The emerging technology of culturing meat offers potential for mitigating sustainability challenges associated with conventional meat production. Despite its promise, past research highlights general consumer aversion to cultivated meat, underscoring the need for theory-based interventions to promote its acceptance. This study aims to identify specific motivators and barriers to regular cultivated meat consumption.

Design/methodology/approach

We extended the theory of planned behaviour (TPB) with underlying beliefs and psychographic factors and used structural equation modelling to analyse data from a representative sample of the Singaporean population (n = 748).

Findings

Perceived behavioural control, family opinions, product availability and health perceptions are key factors in promoting regular consumption of cultivated meat. Additionally, participants with higher nature-relatedness displayed more positive perceptions toward cultivated meat, whereas those with higher health consciousness expressed greater uncertainty.

Practical implications

Making cultivated meat more accessible through proper regulations remains crucial.
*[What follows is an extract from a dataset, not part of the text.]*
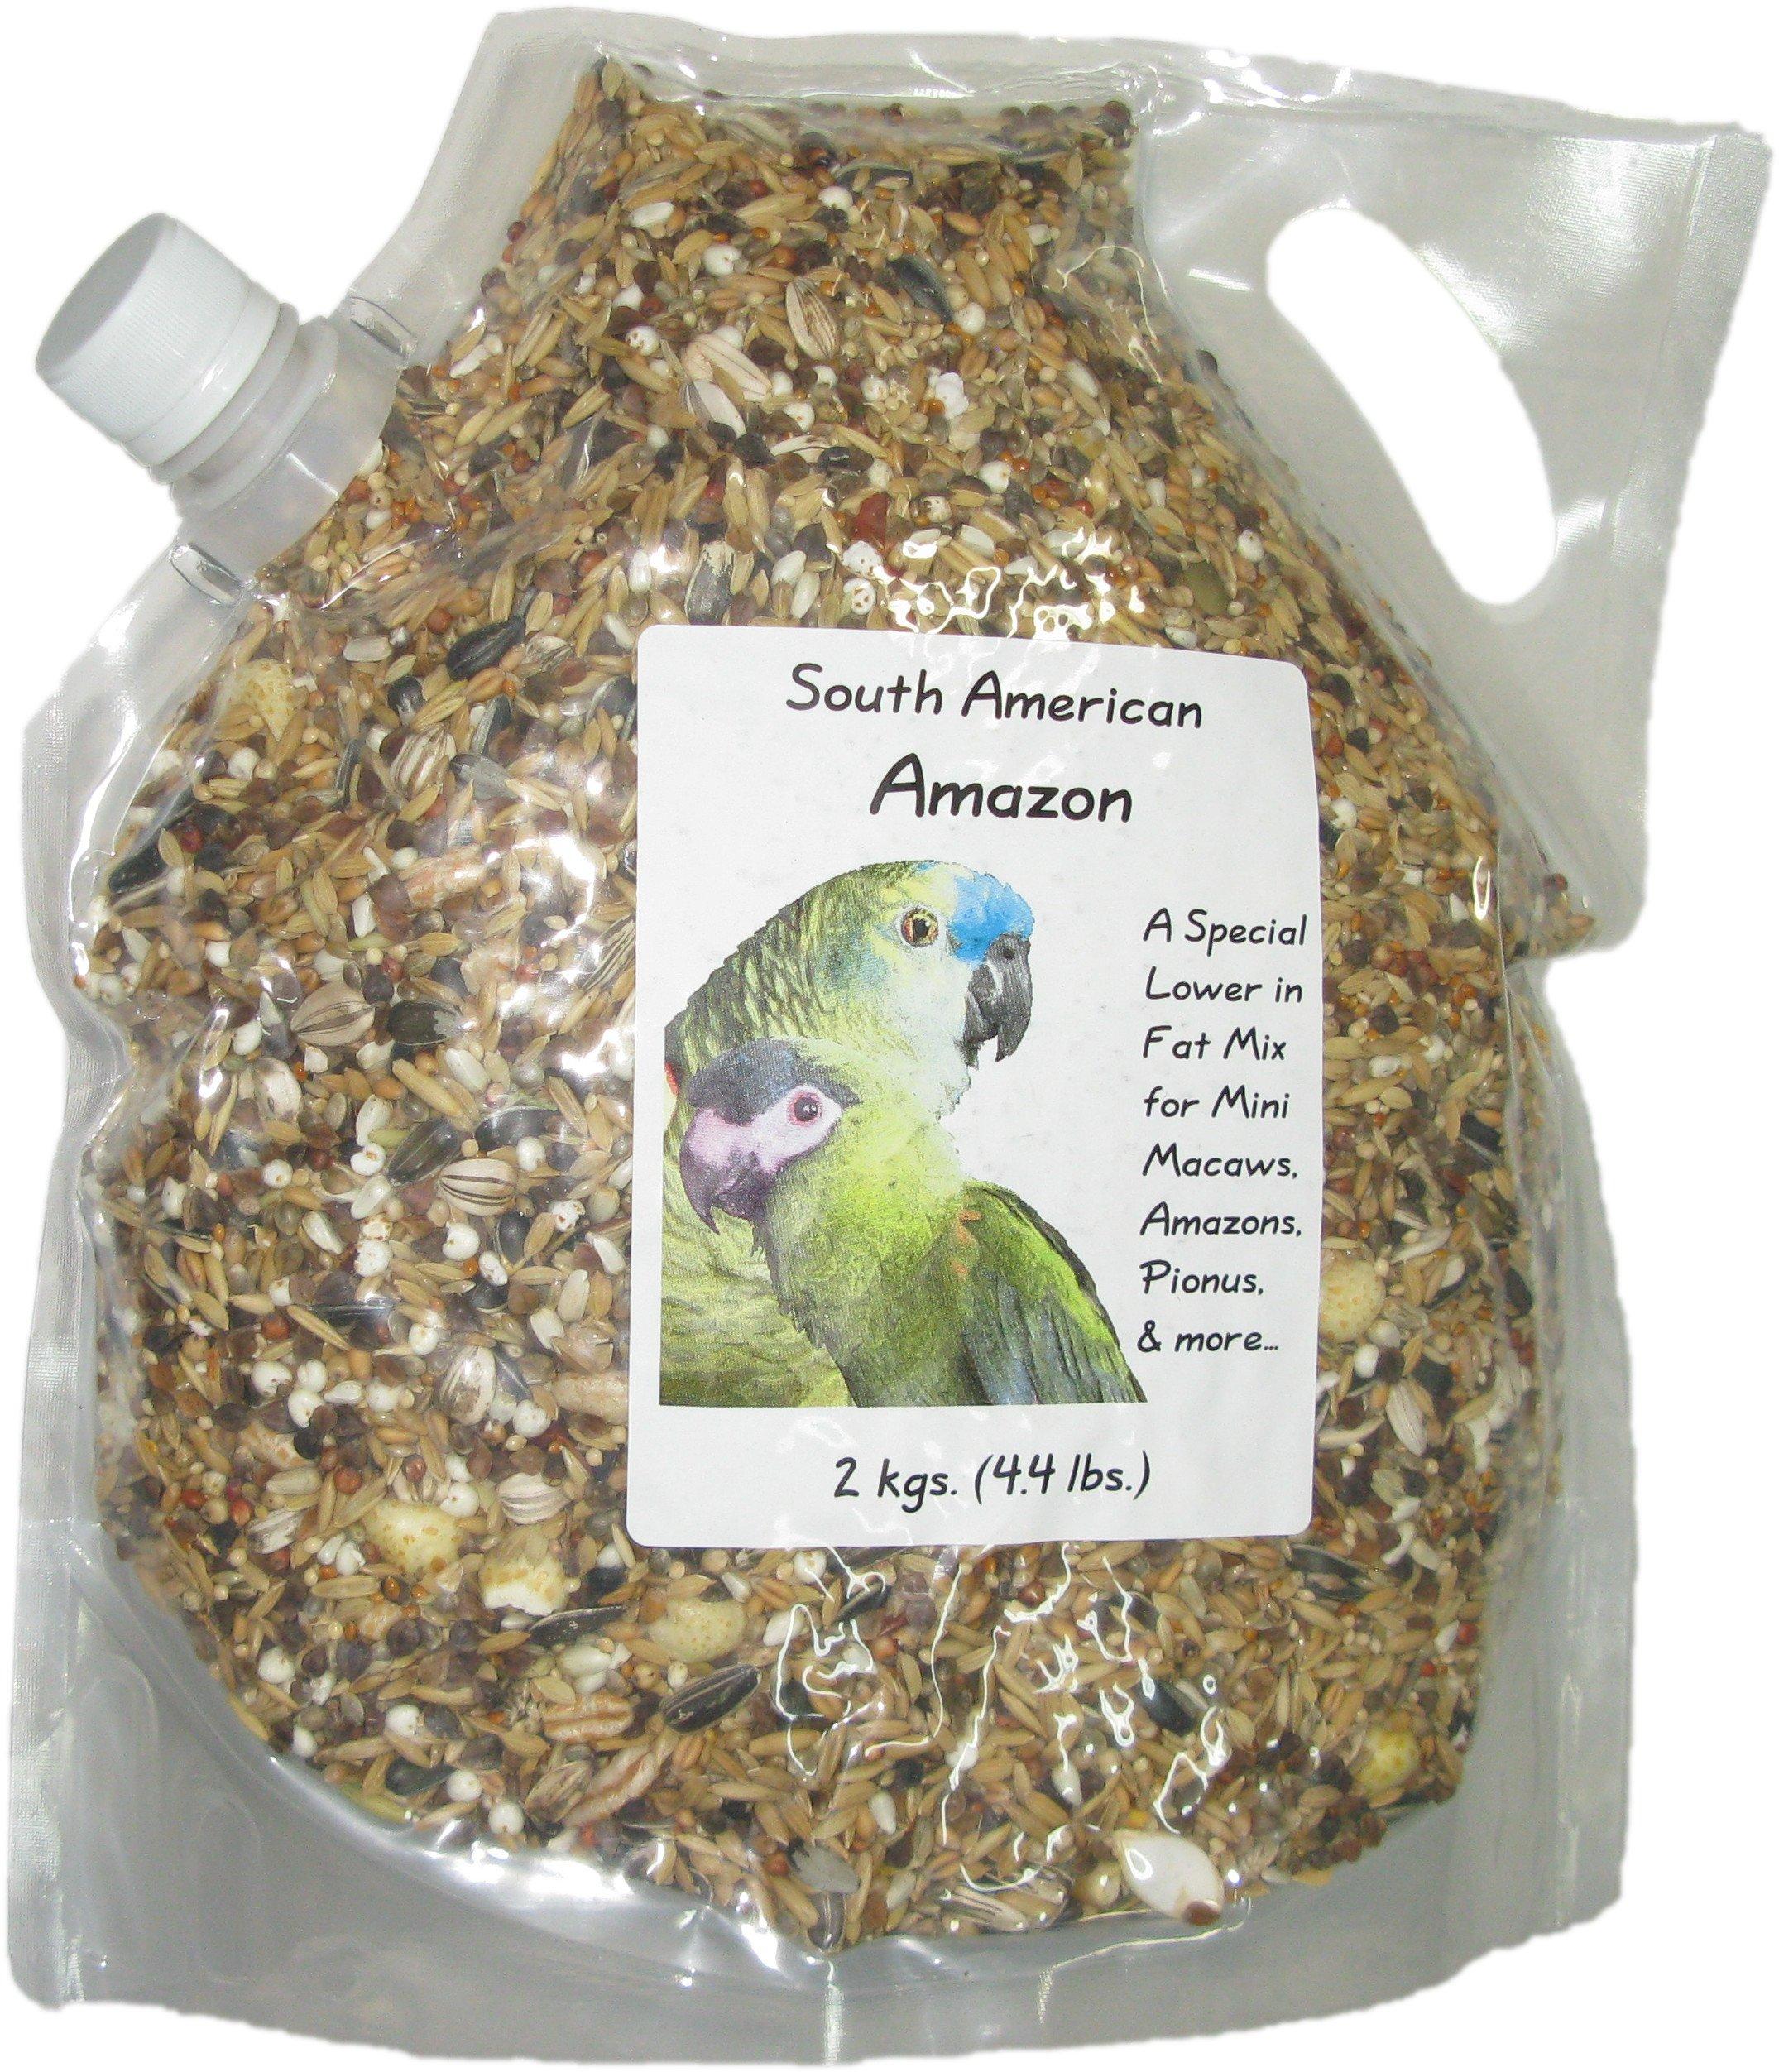 Penn Seed Amazon Parrot, 2 kg (4.4 lbs) Pour Spout Bag by Penn Seed

We recommend future interventions focus on family-oriented dining settings and dishes for sharing to encourage cultivated meat consumption, alongside educational campaigns to increase awareness of its benefits.

Originality/value

This research provides theory-based insights using the TPB to understand consumer intention to regularly consume cultivated meat, which has not been previously studied. The study offers unique insights into consumer perspectives in a context where cultivated meat is approved for sale and consumption, providing evidence-based guidance for practitioners developing interventions to promote sustainable protein consumption.